May 7, 2013
Training a Subway Musician
By JACOB FROMMERDear Diary:
毎日のように電車通勤を続けているが、この二年間ずっと変わらない光景が一つだけある。ギターとパンフルートを携えて演奏する男だ。
私がその男の前を通り過ぎるのはいつもラッシュアワーを過ぎた午前10時ころなのだが、男の足元に置かれたギターケースの中には、1ドル札がほんの数枚と小銭が少々くらいしか入っていないことがほとんどだった。毎日見かけていると嫌でも気づくことだが、男のレパートリーは「ホテル・カリフォルニア」をはじめとするイーグルスの名曲が数曲だけで、いつも変わりがない。

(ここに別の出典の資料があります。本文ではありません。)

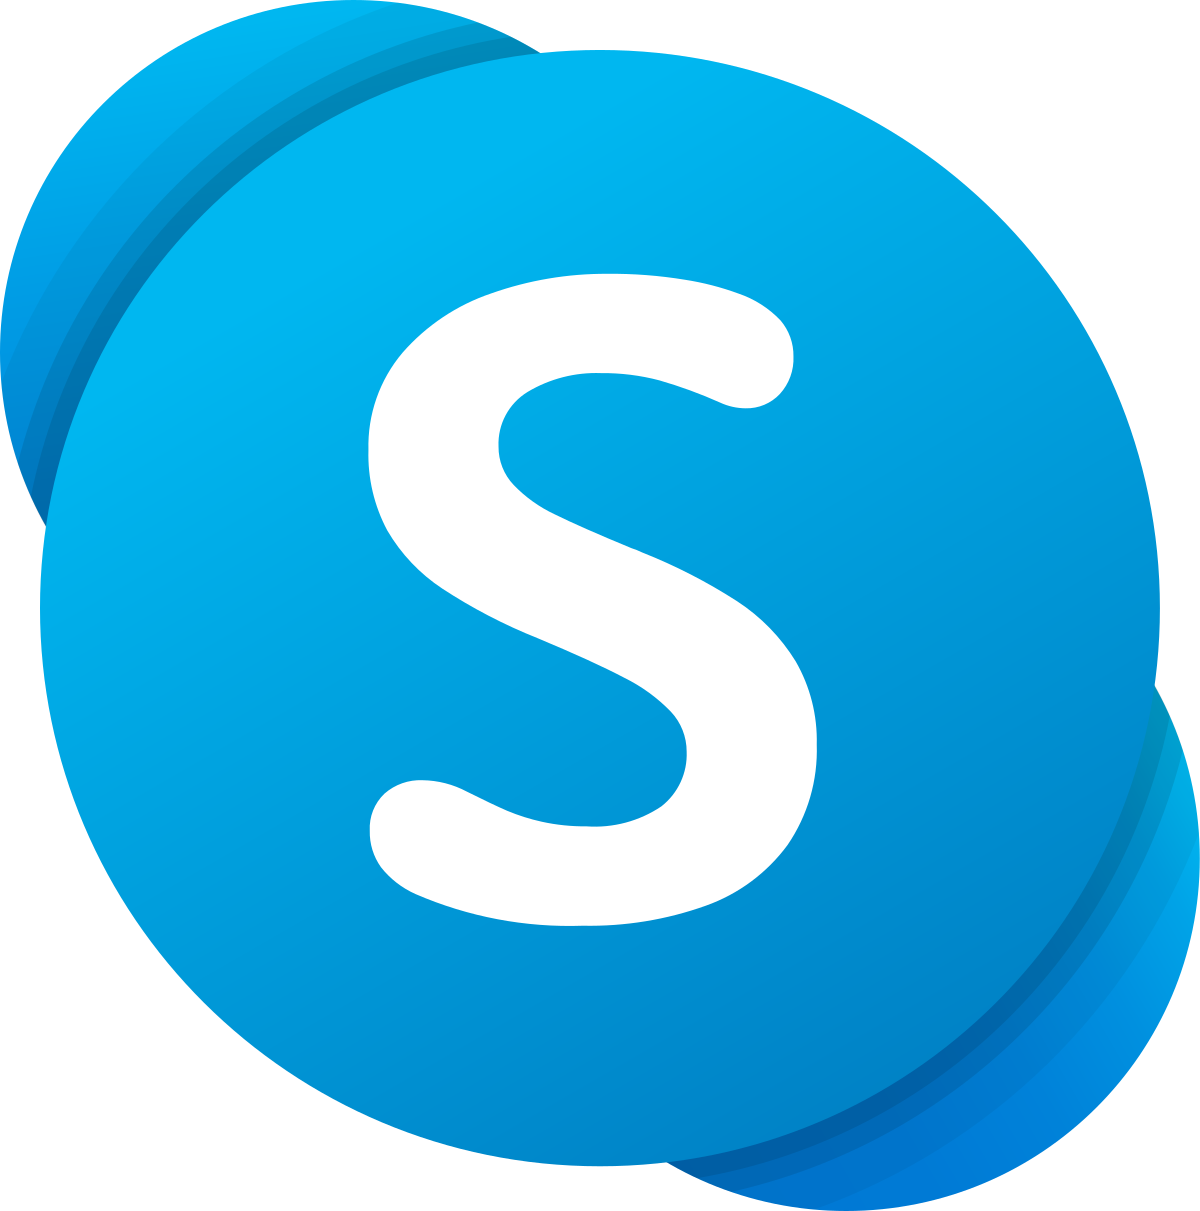 https://upload.wikimedia.org/wikipedia/commons/thumb/6/60/Skype_logo_%282019%E2%80%93present%29.svg/1200px-Skype_logo_%282019%E2%80%93present%29.svg.png

ある日私はこのミュージシャンのために、あるいは私も含めた他の通勤客のためにと言ってもよいが、一冊のロックギターの楽譜を買って手渡した。
それから二ヶ月たったが何も変わらなかった。ようやく3月になって、ある日、駅の階段を降りているといると、ビートルズの曲(パンフルート版だ)が聴こえてきた。しかもギターケースの中は、いつもとは比べ物にならないくらい、チップで一杯になっていた。
通り過ぎざまに、男は私に向かってウィンクして挨拶した。私はにやりと笑顔でうなづいた。